Influence of clamped neuron on adjacent neurons within the same FOVA. (A) Example FOV containing 46 well isolated ROIs in mouse V1. ROI#5 (circled in white) was selected for optical clamping at two target levels shown in B. ROIs circled in red are cell bodies showing significant increase in Ca2+ fluorescence intensity in response to target level (3*SD) in B. ROIs circled in blue are cell bodies showing significant increase in Ca2+ fluorescence intensity in response to clamp level (5*SD). (B) Activity of the clamped ROI#5 in A and photo stimulation pulse trains used for each target level (red 3*SD, blue 5*SD). (C) Raw Ca2+ fluorescence of all ROIs in the FOV during clamp interval for target 5*SD for comparison. ROIs showing significant modulation synchronized with the clamped ROI (n = 17/46 cells, 5*SD target, **p = 0.0011) correspond to blue circled ROIs in A. (D) Ca2+ peak fluorescence versus decay time constant for all 46 ROIs in the FOV for target level 5*SD in C. Each dot represents the average of Ca2+ peak fluorescence and event decay time constant locked to each photo stimulation pulse during the clamp. Green dots are ROIs that were not significantly modulated within the clamp period (n = 29; p = 0.152). (F) Raw Ca2+ fluorescence for all 46 ROIs in A at target 5*SD. Significantly modulated ROIs are plotted consecutively to demonstrate the difference between the activated and non-activated ROIs shown in C following cessation of the clamp at 15 s.
Figure 8.
Figure 8.
(A). FOV where six different ensembles of 4 neurons each were used to train the animal on the BCI task over 6 different sessions. Some ensembles overlapped whereas others did not. (B). Success rate in the first session for each of the ensembles in (A). Dashed line indicate a threshold of 60% success that was used to categorize the ensembles into either a ‘weak/slow learner’ (E1–E3) or a’strong/rapid learner” ensemble (E4–E6). (C). Average time to target in each session (color coded by ensemble) demonstrating continuous decrease over sessions for ensemble E4. (D). Time to target (TT) over sessions for ensemble E4 and for session 1 of the other 5 ensembles. Strong learner ensembles E4–E6 exhibited a TT = 6.21 ± 6.1 s over 20 sessions compared to TT = 17.8 ± 20.2 s for the weak learner ensembles E1–E3. (E). Same FOV as A but highlighting only the neurons selected for ensembles E1–E3 using the same color code in A. (F). Cursor path from initial start position to target position in the first 7 trials of the first session for ensembles E1–E3. Dashed lines indicate incomplete trial, whereas x indicates a failed trial (timeout). (G). Same FOV as A but highlighting only the neurons selected for ensembles E1–E3 using the same color code in A. (H).
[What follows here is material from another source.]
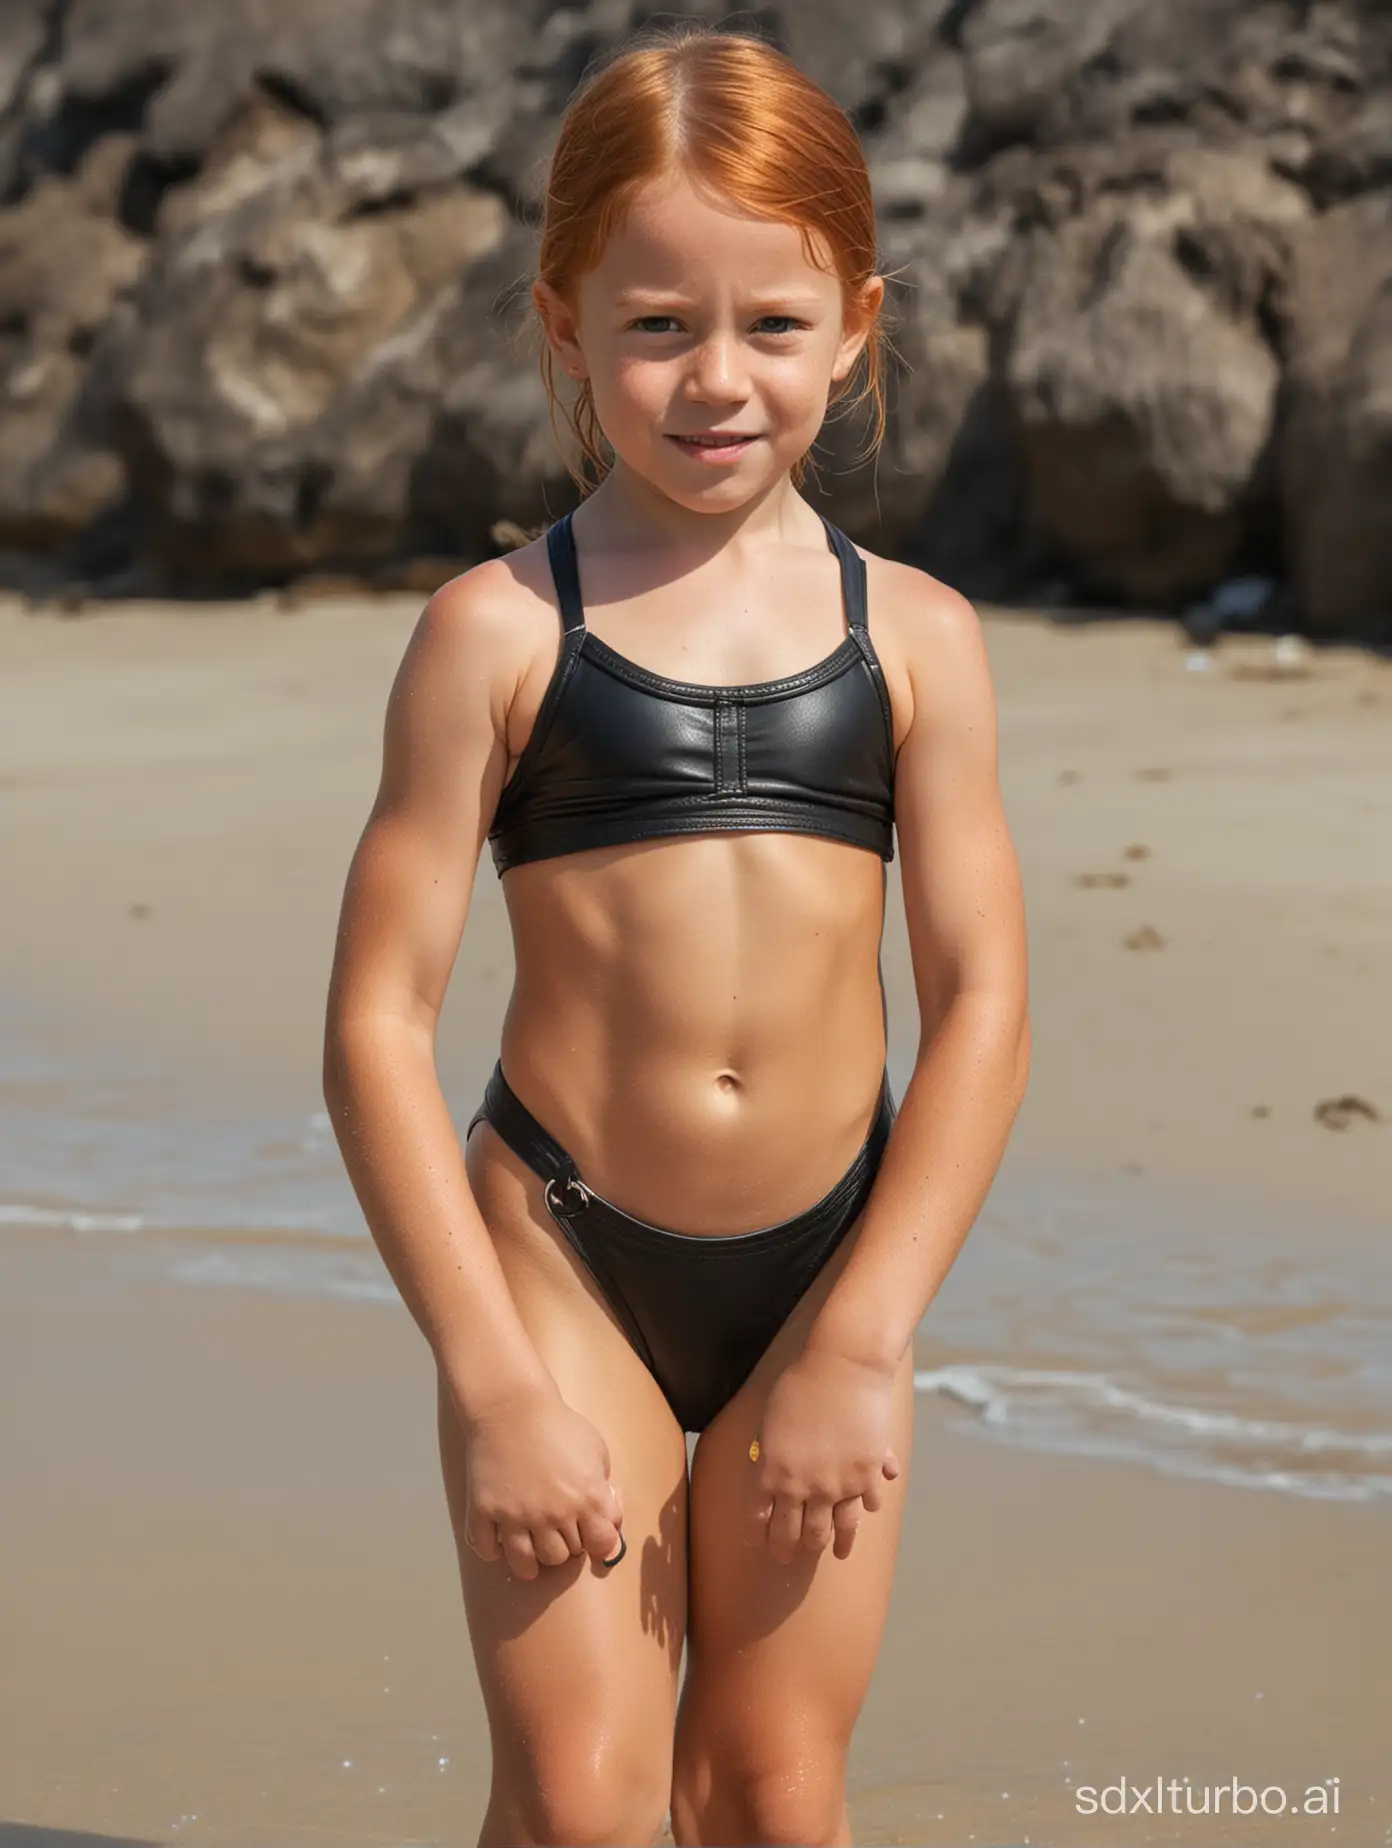 Muscular-GingerHaired-Girl-in-Leather-Bathing-Suit-at-Odessa-Beach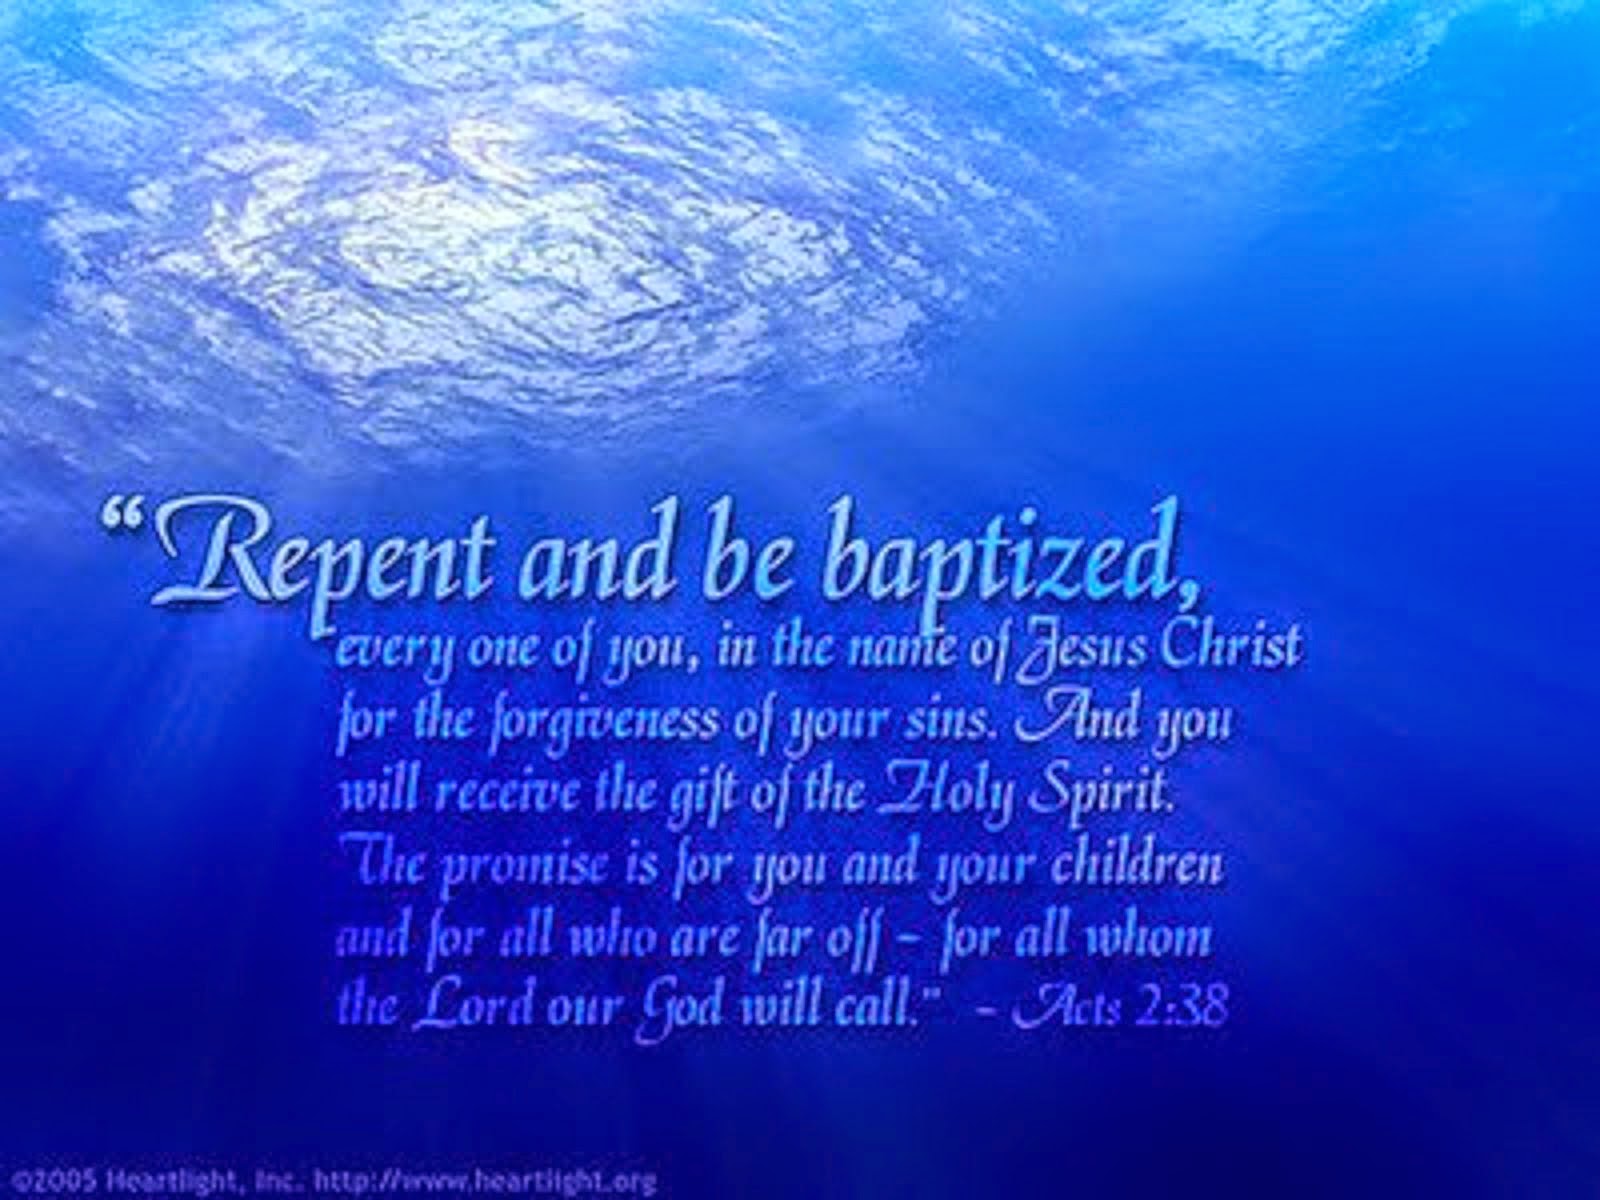 REPENT AND BE BAPTIZED

Cursor path from initial start position to target position in the first 7 trials of the first session for ensembles E4–E6.
Figure 9.
Figure 9.
(A). Average firing rate of BCI neurons during BCI control in the same ensemble (E4) comparing an early session versus a later session (2 weeks apart). Each dot represents the average firing rate over a 50 s interval within ∼10 min of behavioral trials. Success rate in both sessions was 90% and 98%, respectively. (B). Baseline firing rate comparison for the same ensemble in (A) outside of BCI behavioral sessions. Each dot represents the average firing rate over a 50 s interval within ∼8 min. (C). Baseline firing rate of non-BCI neurons in the same sessions as A. Each dot represents the average firing rate over a 50 s interval within ∼8 min (p = 0.013; 0.000 85; 3.77 × 10−05; 0.756; 0.598 for neurons N1–N5 respectively, two-sided t-test).